IEEE Trans Pattern Anal Mach Intell. 2020 Nov;42(11):2926-2943. doi: 10.1109/TPAMI.2019.2916881. Epub 2019 May 14.
Given a tiny face image, existing face hallucination methods aim at super-resolving its high-resolution (HR) counterpart by learning a mapping from an exemplary dataset. Since a low-resolution (LR) input patch may correspond to many HR candidate patches, this ambiguity may lead to distorted HR facial details and wrong attributes such as gender reversal and rejuvenation. An LR input contains low-frequency facial components of its HR version while its residual face image, defined as the difference between the HR ground-truth and interpolated LR images, contains the missing high-frequency facial details. We demonstrate that supplementing residual images or feature maps with additional facial attribute information can significantly reduce the ambiguity in face super-resolution. To explore this idea, we develop an attribute-embedded upsampling network, which consists of an upsampling network and a discriminative network. The upsampling network is composed of an autoencoder with skip-connections, which incorporates facial attribute vectors into the residual features of LR inputs at the bottleneck of the autoencoder, and deconvolutional layers used for upsampling. The discriminative network is designed to examine whether super-resolved faces contain the desired attributes or not and then its loss is used for updating the upsampling network. In this manner, we can super-resolve tiny (16×16 pixels) unaligned face images with a large upscaling factor of 8× while reducing the uncertainty of one-to-many mappings remarkably. By conducting extensive evaluations on a large-scale dataset, we demonstrate that our method achieves superior face hallucination results and outperforms the state-of-the-art.

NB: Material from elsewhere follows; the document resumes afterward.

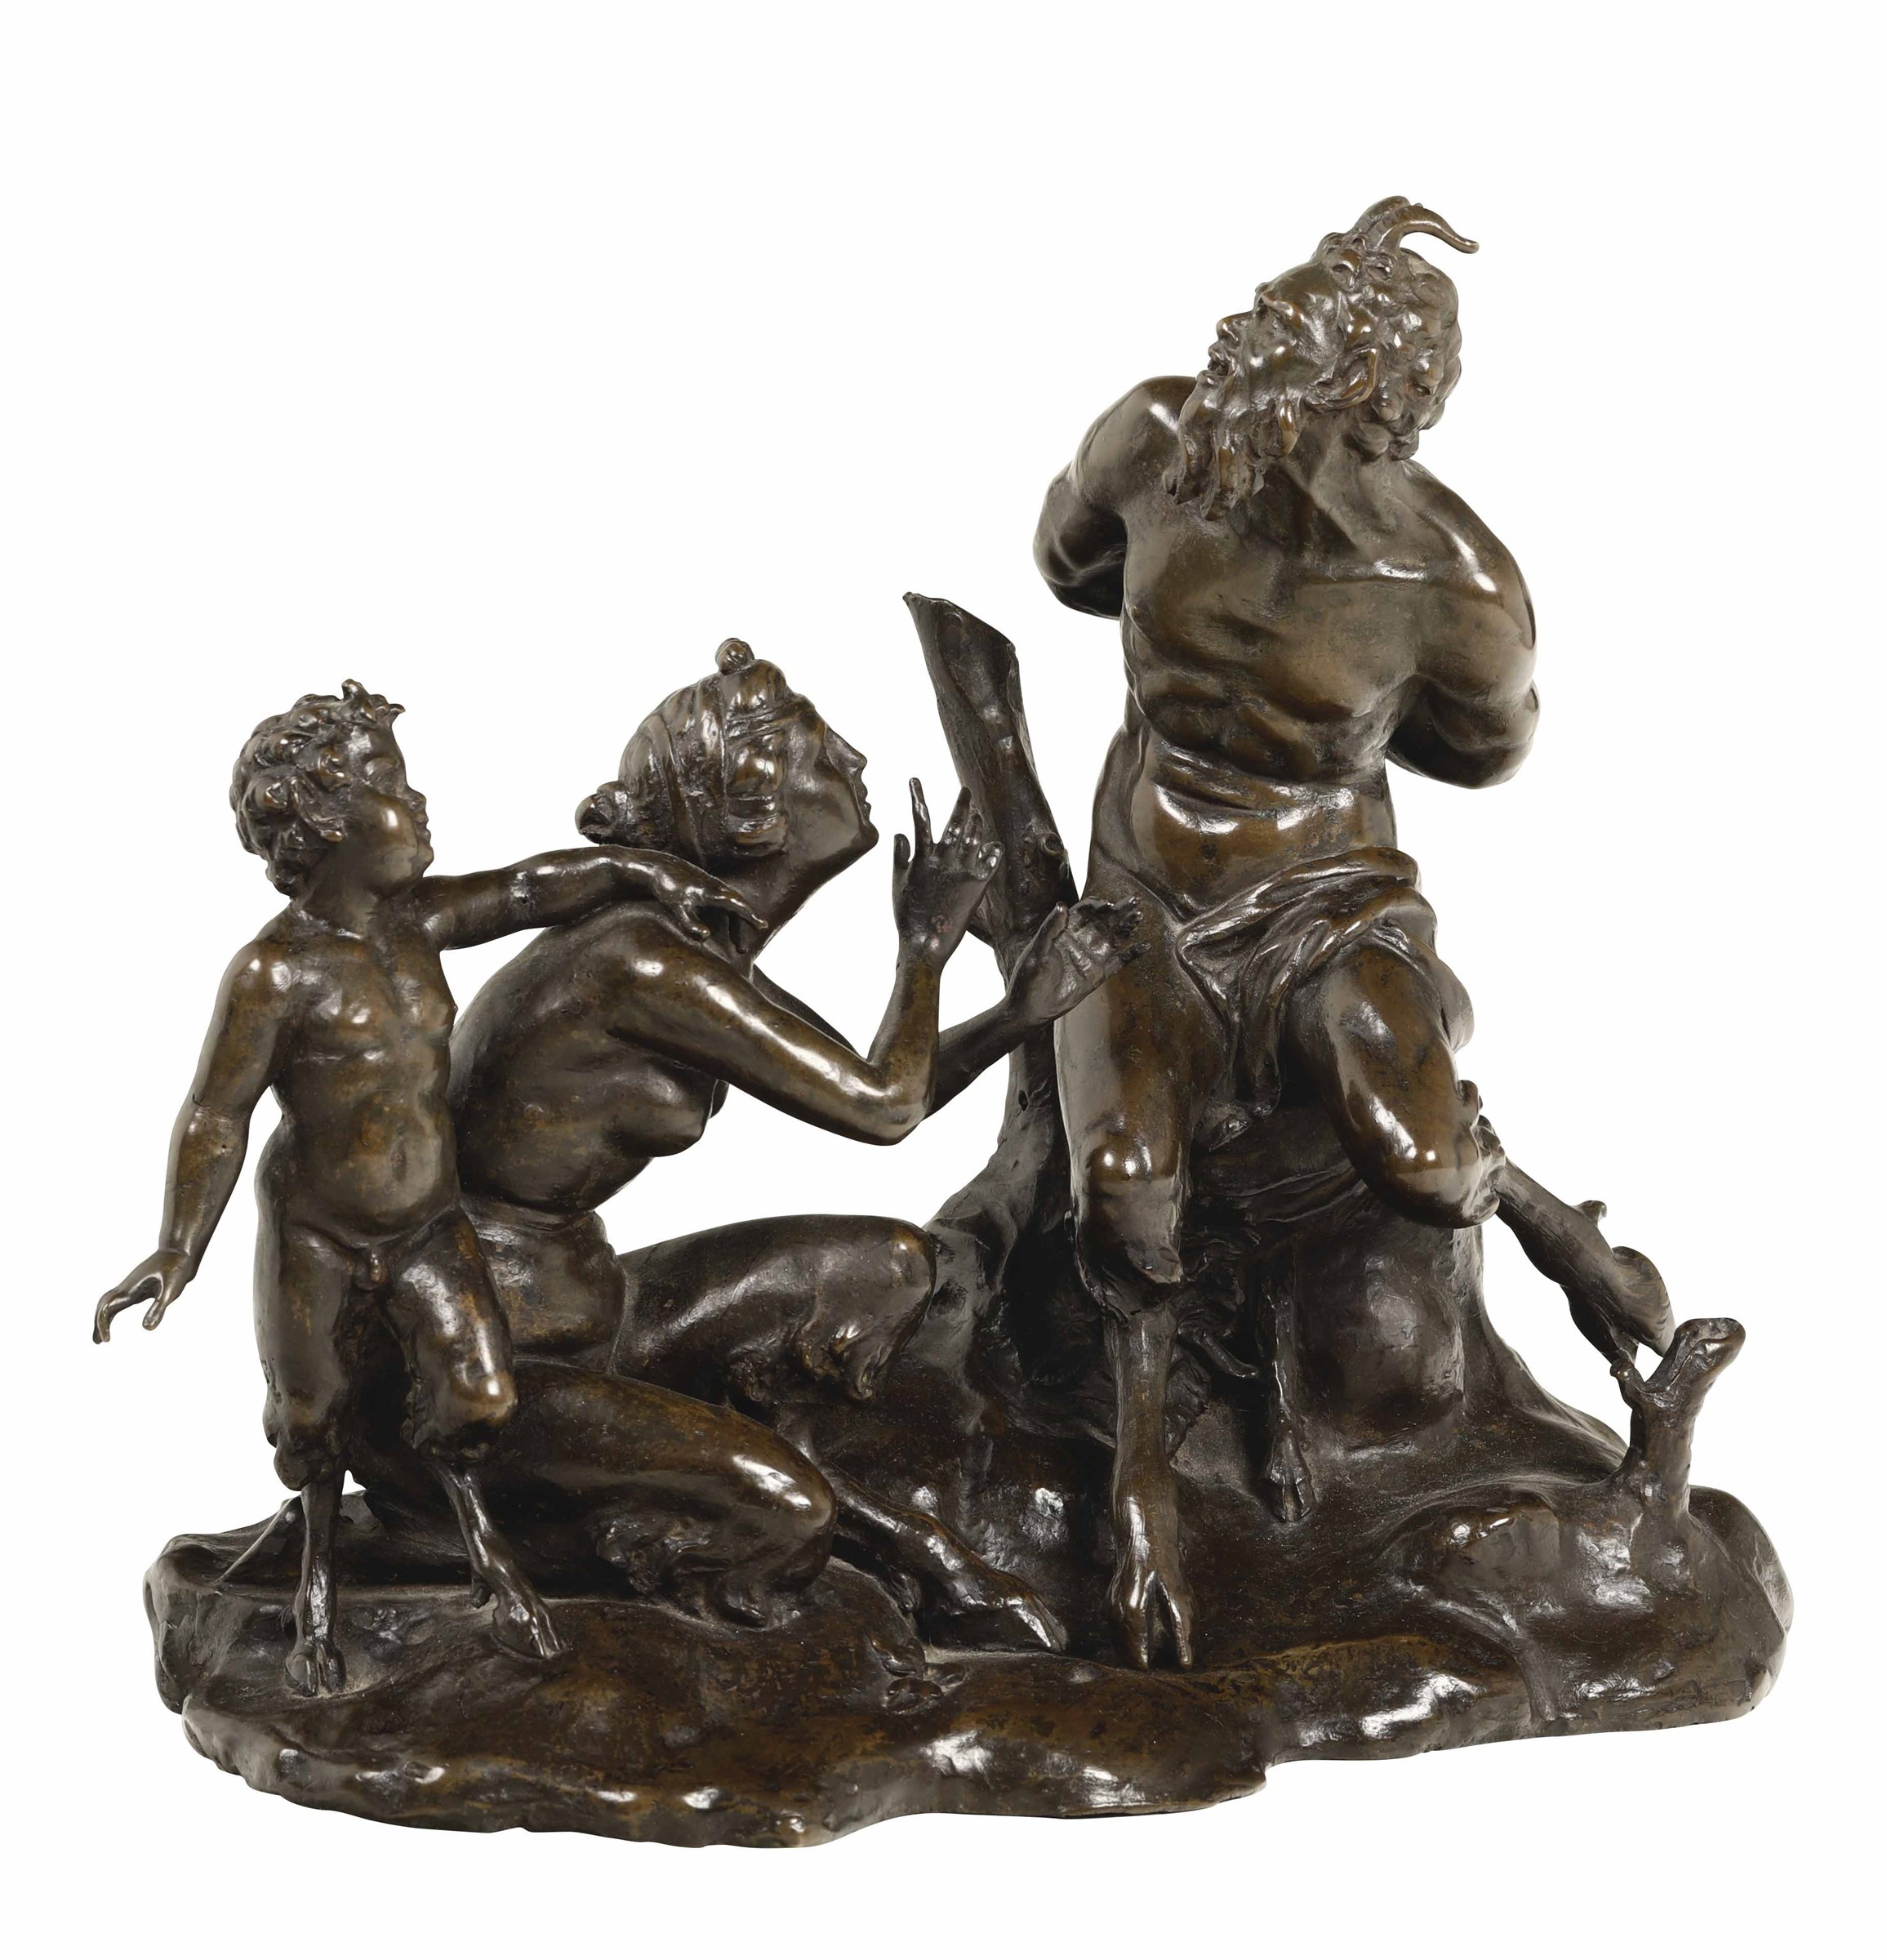 Lot 116 - Pan e Siringa. Bronzo fuso e cesellato, Francia (?) probabile XVII secolo, - cm [...]

给定一张小尺寸人脸图像,现有的人脸超分辨率方法旨在通过从示例数据集学习映射来对其进行高分辨率(HR)重建。由于低分辨率(LR)输入块可能对应于许多 HR 候选块,因此这种歧义可能导致 HR 人脸细节扭曲和错误的属性,如性别反转和年轻化。LR 输入包含其 HR 版本的低频面部成分,而其残差人脸图像(定义为 HR 真实值与插值 LR 图像之间的差异)包含缺失的高频面部细节。我们证明,通过补充残差图像或特征图中的额外面部属性信息,可以显著减少人脸超分辨率中的歧义。为了探索这一想法,我们开发了一种具有属性嵌入的上采样网络,它由上采样网络和判别网络组成。上采样网络由带 skip-connection 的自动编码器组成,该自动编码器将面部属性向量合并到 LR 输入的残差特征中,该残差特征位于自动编码器的瓶颈处,同时使用卷积层进行上采样。判别网络旨在检查超分辨率人脸是否包含所需的属性,如果是,则使用其损失来更新上采样网络。通过这种方式,我们可以以 8 倍的大放大倍数超分辨小尺寸(16×16 像素)未对齐的人脸图像,同时显著降低一对多映射的不确定性。通过在大规模数据集上进行广泛评估,我们证明了我们的方法可以实现优越的人脸幻觉效果,并优于现有技术。